Nascida em Campina Grande, mas atualmente vivendo em João Pessoa, Juliette é a filha de dona Fátima e seu Lourival, uma cabeleireira e um mecânico. A única da família a conseguir ter ensino superior, a jovem abandonou a faculdade de medicina para se tornar advogada. Para conseguir se manter enquanto o sonho de ser delegada não se realizava, tornou-se maquiadora profissional. Mas aí veio a pandemia, a falta de dinheiro e a casa onde morava teve de ser devolvida.

Juliette estava se sustentando com o auxílio emergencial do Governo, quando a notícia de que iria para participar do Big Brother Brasil chegou. Animada, a moça falante enxergou no programa uma chance para mudar de vida. O que ela não sabia é que desde a primeira semana iria encontrar tanta dificuldade para ser compreendida pelo jeito de se comunicar. As brincadeiras da participante, bem como o sotaque raiz—cheio de interjeições que um bom nordestino reconhece para dar o tom da piada—eram interpretados como grosseria. E a moça foi murchando. Acuada sem saber como faria pra mudar o jeito de falar (como os outros participantes queriam), Juliette ressurgiu das cinzas. Decidiu manter suas características culturais, enfrentar a rejeição dos colegas e cantar. Ao som de uma voz doce e suave, Alceu Valença, Maria Gadú e até Chico César foram entoados. A moça pedia que Deus a protegesse da maldade de gente boa e o público parece ter se identificado com a oração.
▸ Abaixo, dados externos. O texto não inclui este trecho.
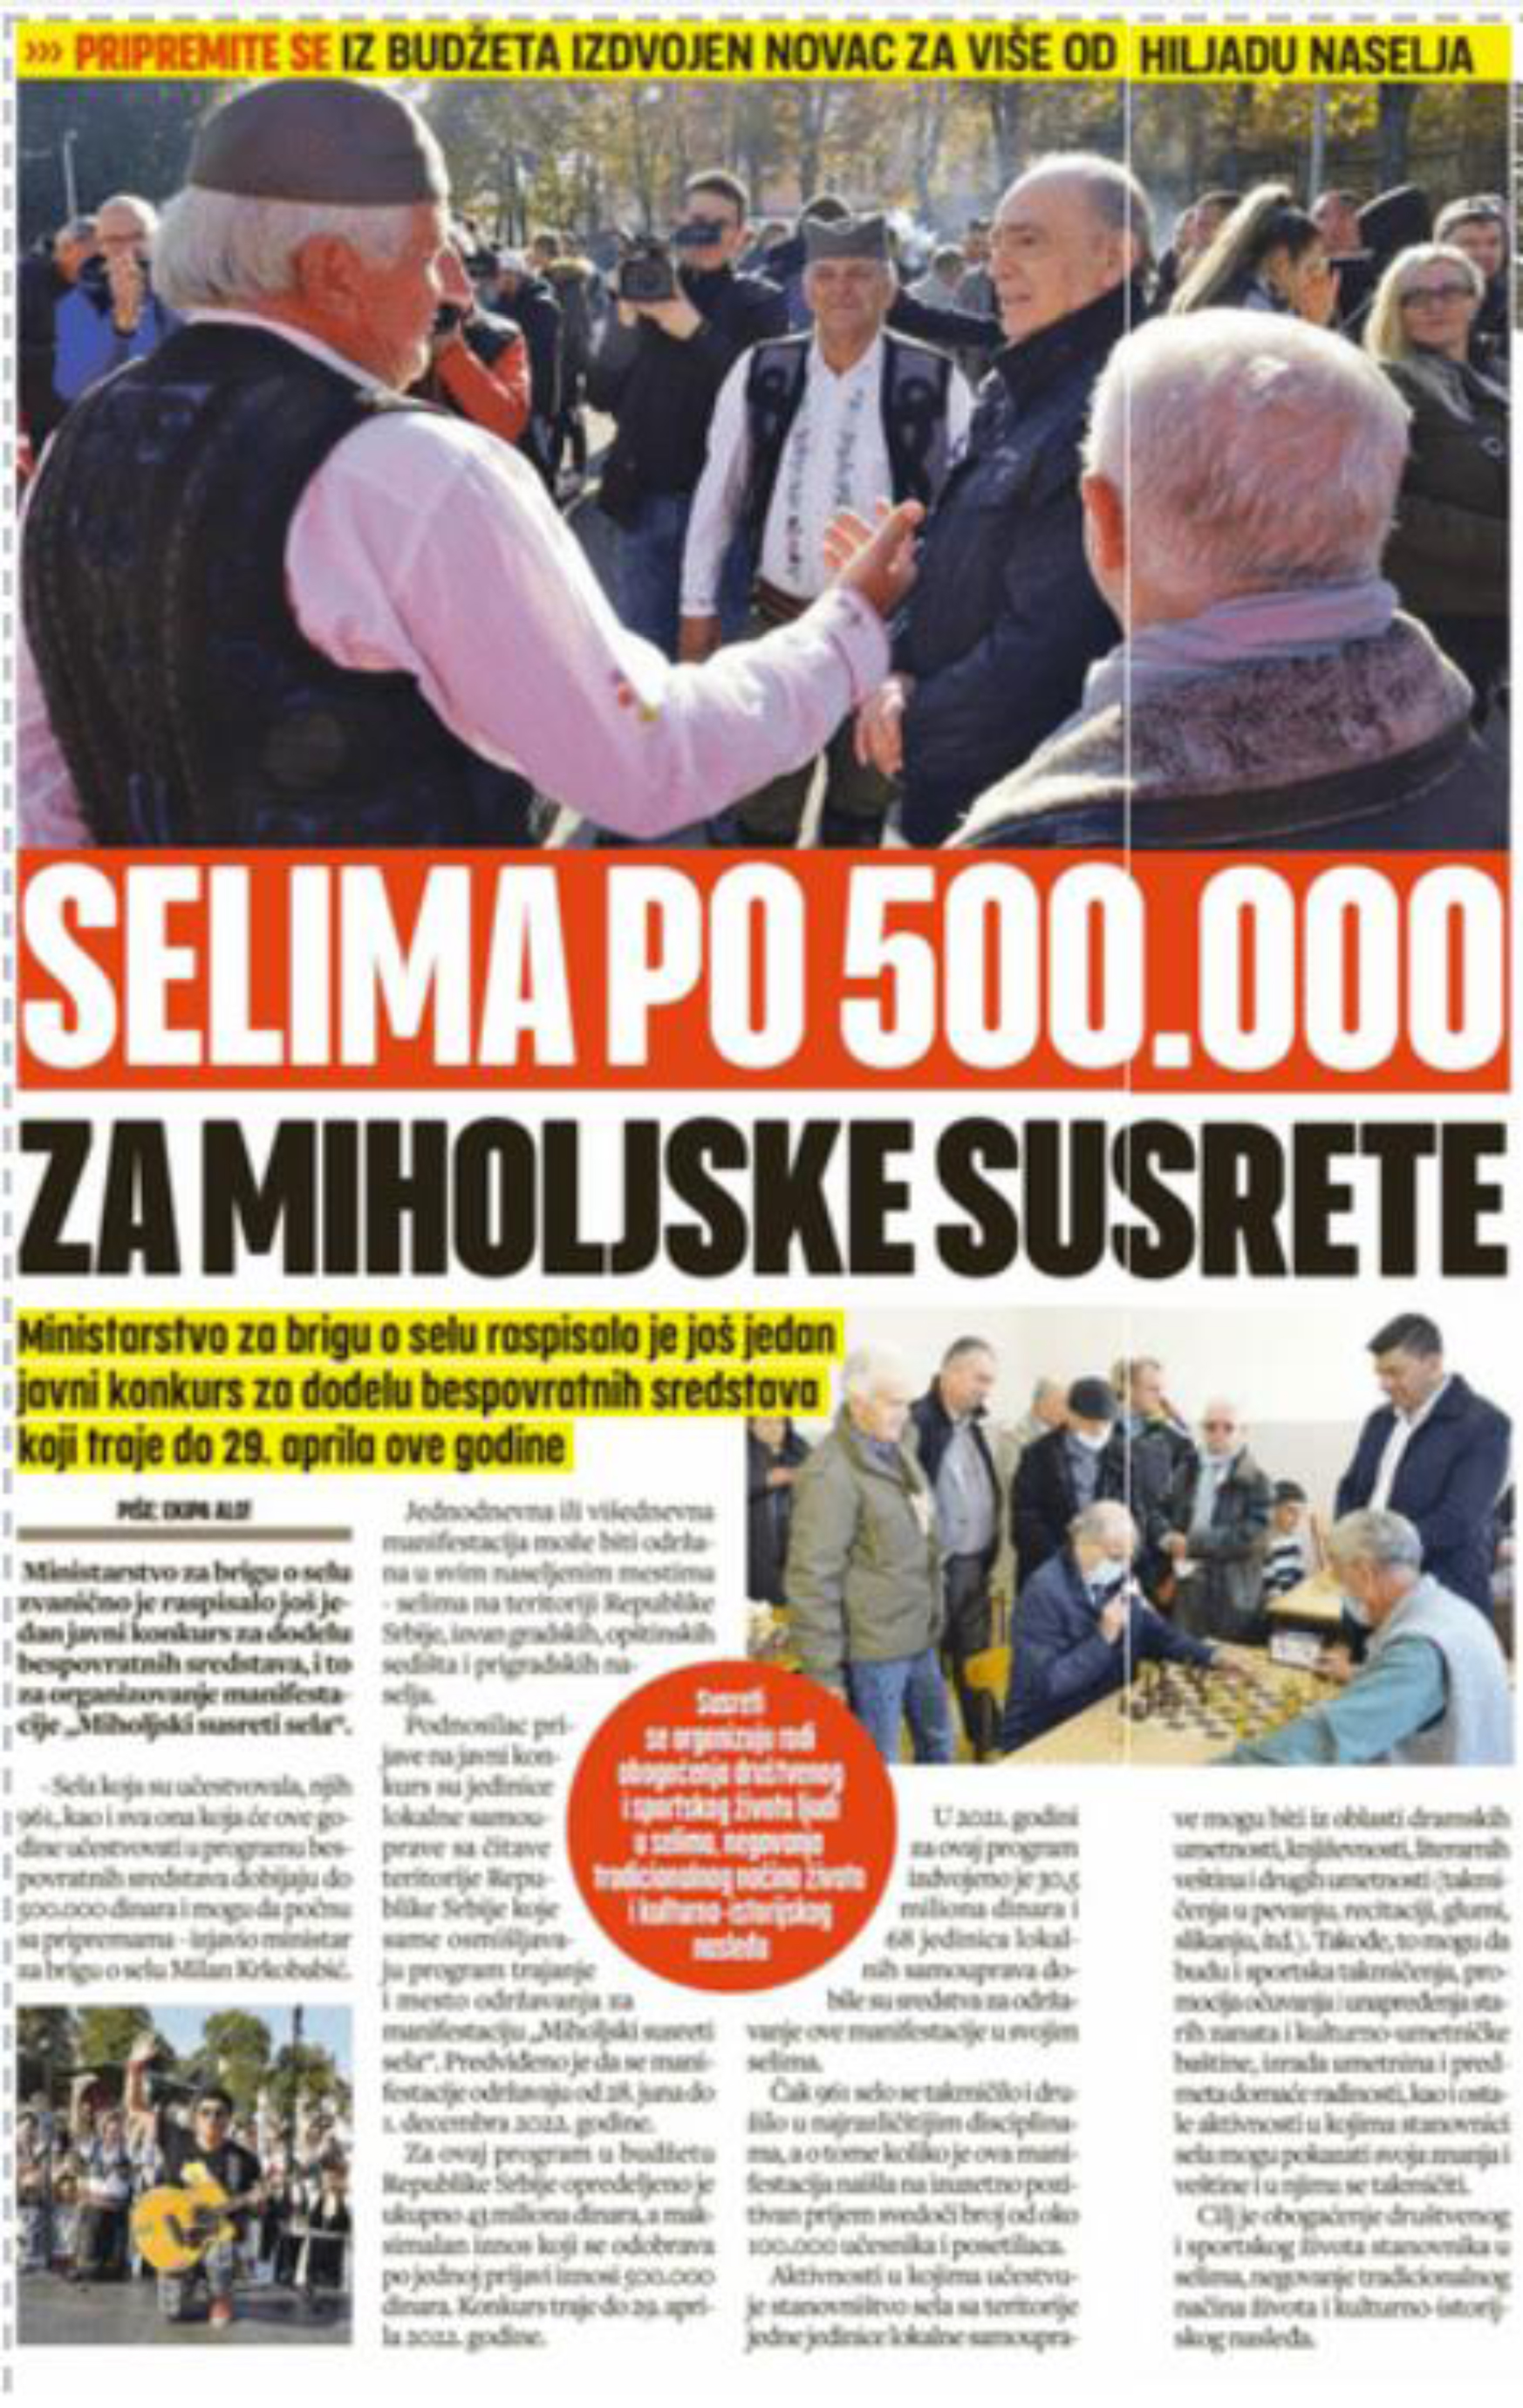  Selima po 500.000 za Miholjske susrete

O fato é que tudo isso tem uma explicação científica. Desde que o homem pré-histórico passou a contar suas experiências de caça ao redor das fogueiras e usar este momento de socialização para construir memórias orais, podemos observar uma necessidade de reconhecimento e legitimidade social como uma das nossas necessidades primordiais. Nosso corpo e mente foram criados para viver em grupo, para sobreviver através das relações sociais e com grande necessidade de reconhecimento. A questão é que esta validação, muitas vezes, depende da realização de grandiosos feitos, reforçando a ideia de que é preciso sobreviver aos infortúnios da vida.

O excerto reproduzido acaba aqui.